Oh the village on the hill / Sitting silently at will / Like a prophecy forgotten by an age / With no guns before its gate / The mysterious estate / Lies waiting for its history’s dawning page / With the raging of the sea before its height
White light
Je n’ai découvert ce disque qu’il y a peu, cet album demeurant – parmi la discographie encore trop méconnu du bonhomme – dans l’ombre de son gargantuesque et fantastique successeur, No other (1974). Ce White light brille pourtant de bien des beautés qui font de lui un vrai rival à son imposant suivant, dans un registre fort différent. Accompagné d’un groupe tout de sobriété lumineuse (comprenant notamment un membre des Flying Burrito Brothers et un autre du Steve Miller Band), Gene Clark continue de travailler dans son coin le folk et la country, auxquelles il confère une patine assez unique, mélange de mystère et d’immédiateté sans détour, évoquant Dylan comme Tim Hardin. Si elles dégagent un évident charisme, les chansons de White light dessinent la silhouette d’un homme implacablement seul, et qui paraît souvent comme absent à lui-même, un peu comme quelqu’un dont la présence serait contrebalancée par d’incessants regards vers l’extérieur de la pièce. La sublime pochette de l’album finit par traduire à merveille ce qu’on ressent en entendant ces morceaux, l’impression de saisir les ombres d’un homme éclairé par le soleil couchant. Le disque s’avère pourtant loin d’être plombant et Gene Clark apparaît tour à tour – voire en même temps – effrayé et émerveillé par le spectacle du monde.
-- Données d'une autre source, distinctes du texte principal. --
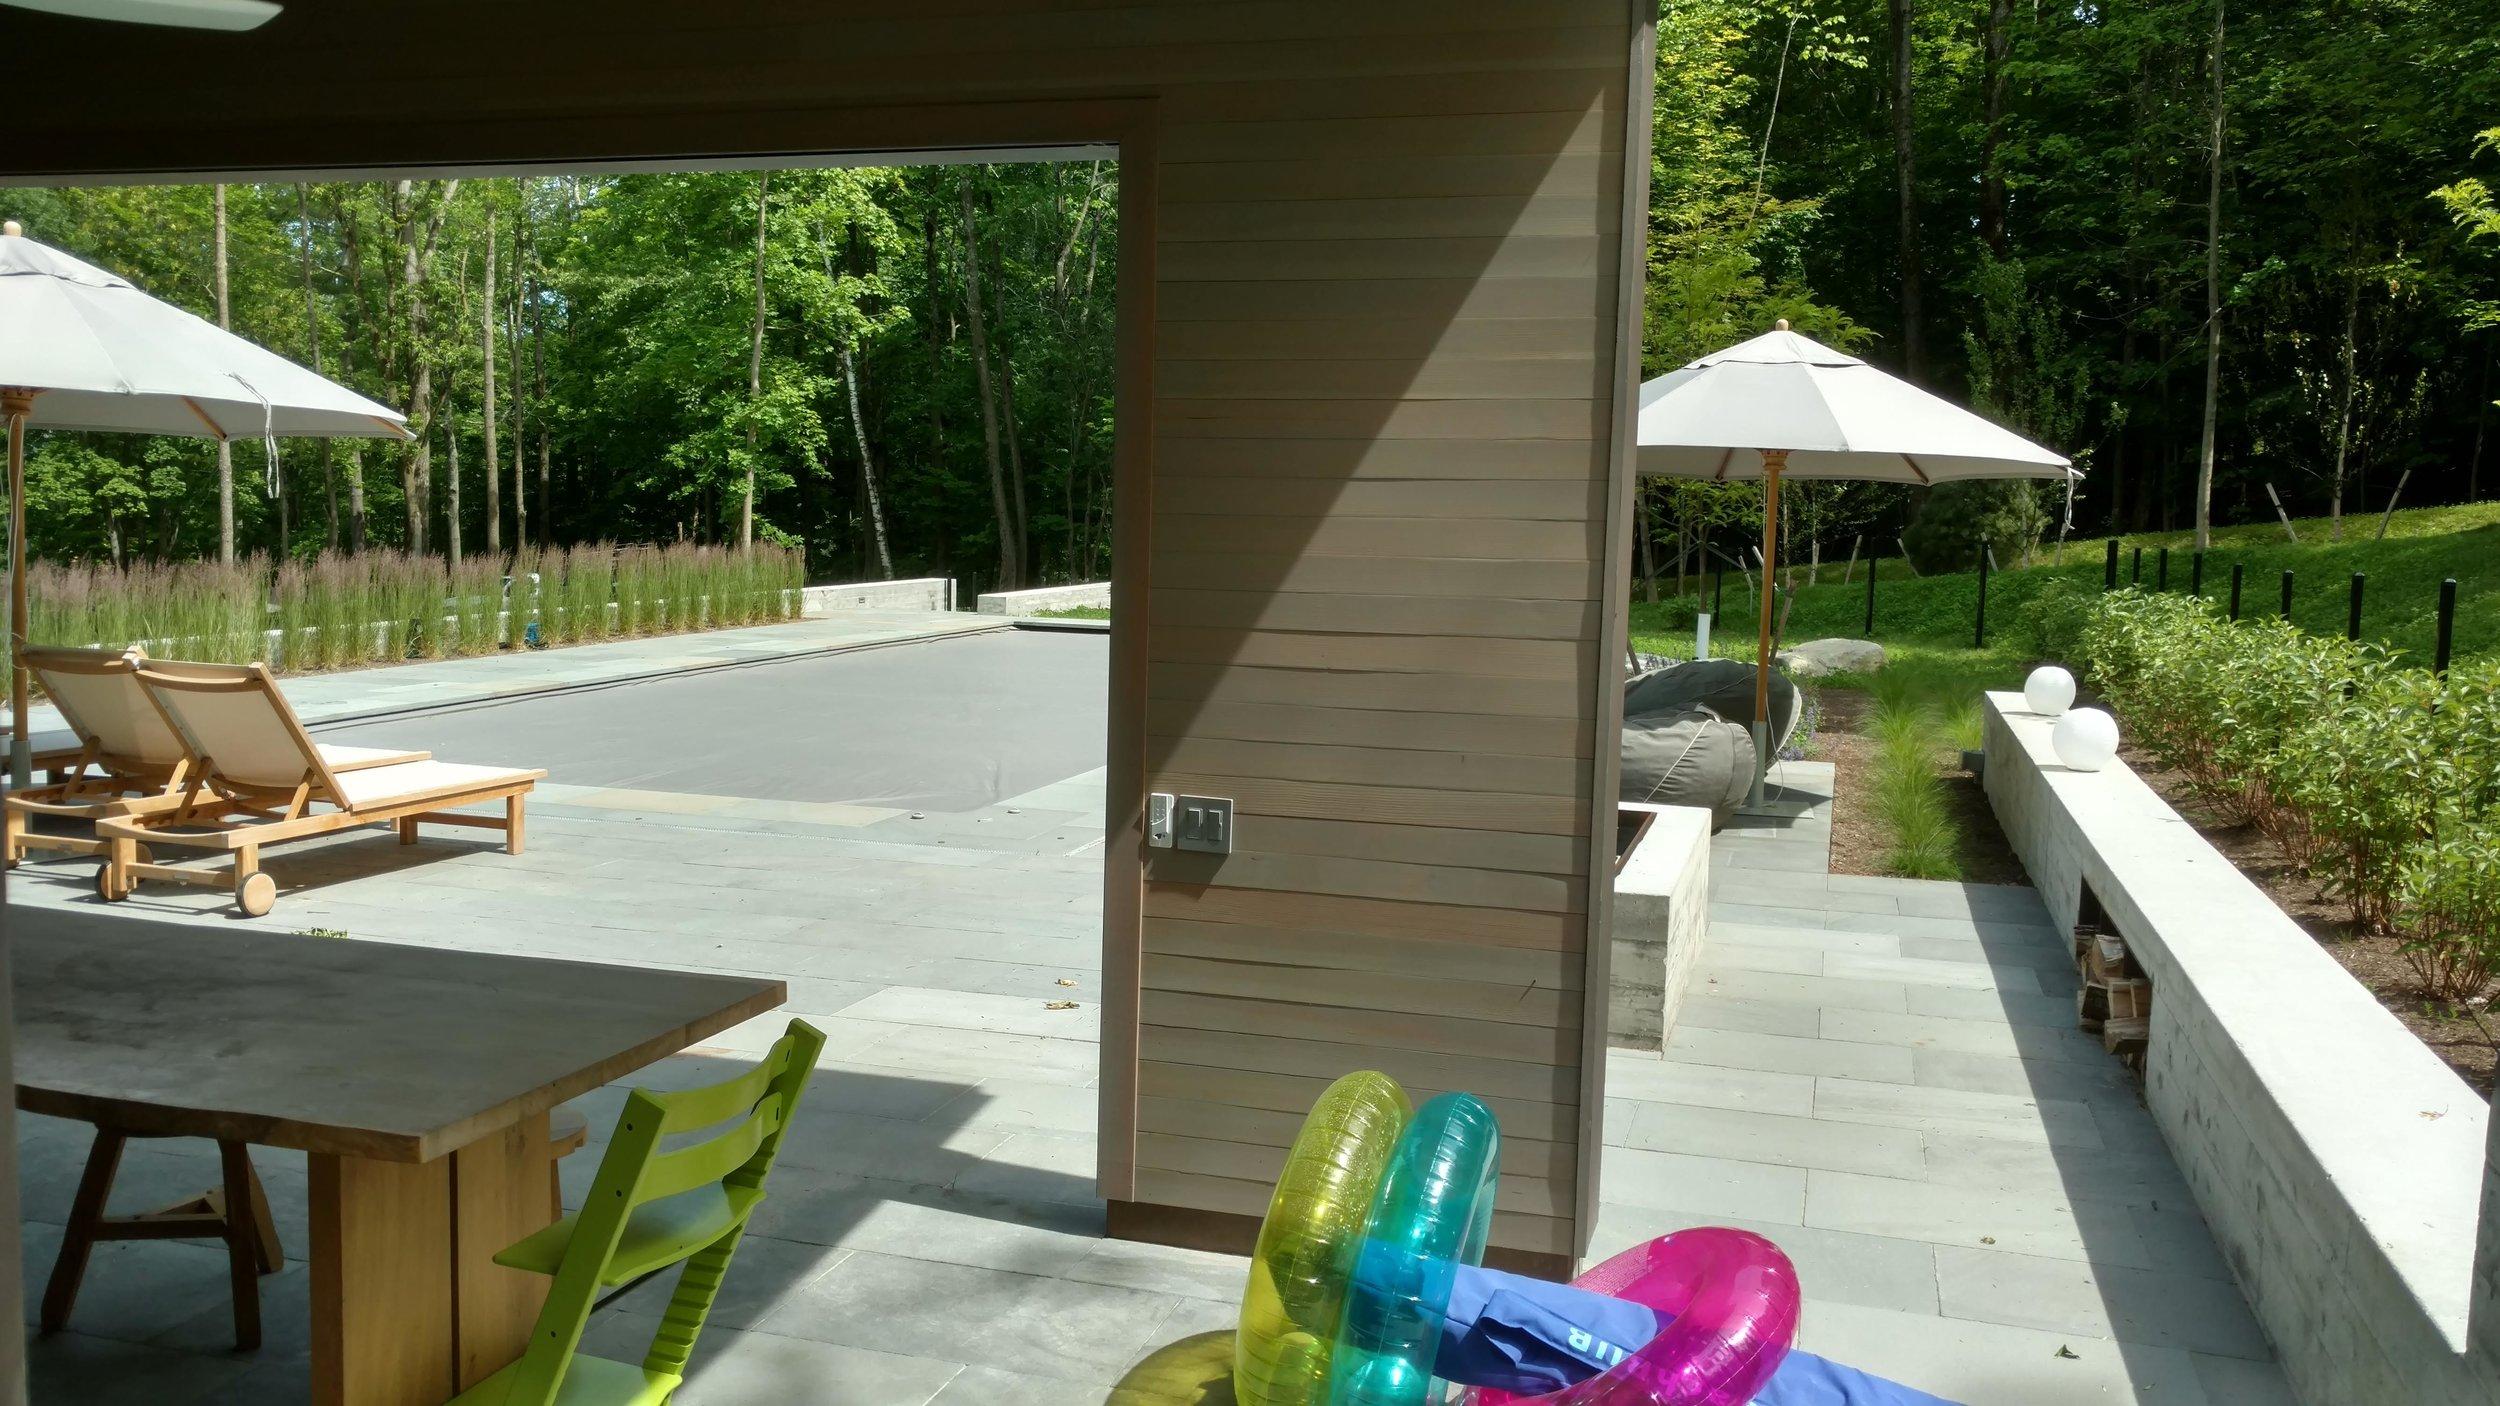 Pool Fence Enclosure

She went off to the city to find what she was looking for / To identify, and to really try to find herself some more / With the summer sun for laughing / The winter rains did pour / She was lovelier from learning and from living loving more
The virgin
On aurait peine à relever les temps faibles de ce disque qui se distingue aussi par sa cohérence et sa constance à fréquenter les sommets. L’album s’ouvre sur un inoubliable The virgin, ballade country-folk qui tournoie élégamment et qui pose d’emblée le décor musical général : guitare acoustique, harmonica, basse et ce chant caressant de sage un peu perdu. Je m’attarderai simplement à mentionner mes morceaux favoris : l’intimiste With tomorrow, la country impeccable de White light et l’aérien One in a hundred et ses notes classieuses de steel guitar. Clark se paie le luxe d’aller titiller le maître Dylan en reprenant un de ses morceaux, Tears of rage, digne des meilleurs moments du Band et c’est d’ailleurs Dylan qui lui rendra en retour un hommage prestigieux en adoubant le tremblé For a Spanish guitar parmi ses chansons préférées. L’album se termine sur un 1975 à faire baver d’envie Crosby, Stills & Nash réunis, et qui réunit toutes les qualités paradoxales de cette musique : chaud et solitaire, paisible en surface et visiblement tourmenté en profondeur. La réédition de l’album parue en 2001 donne à entendre également d’excellents bonus, entre une reprise à la coule de Stand by me et quelques inédits de haute volée comme Winter in.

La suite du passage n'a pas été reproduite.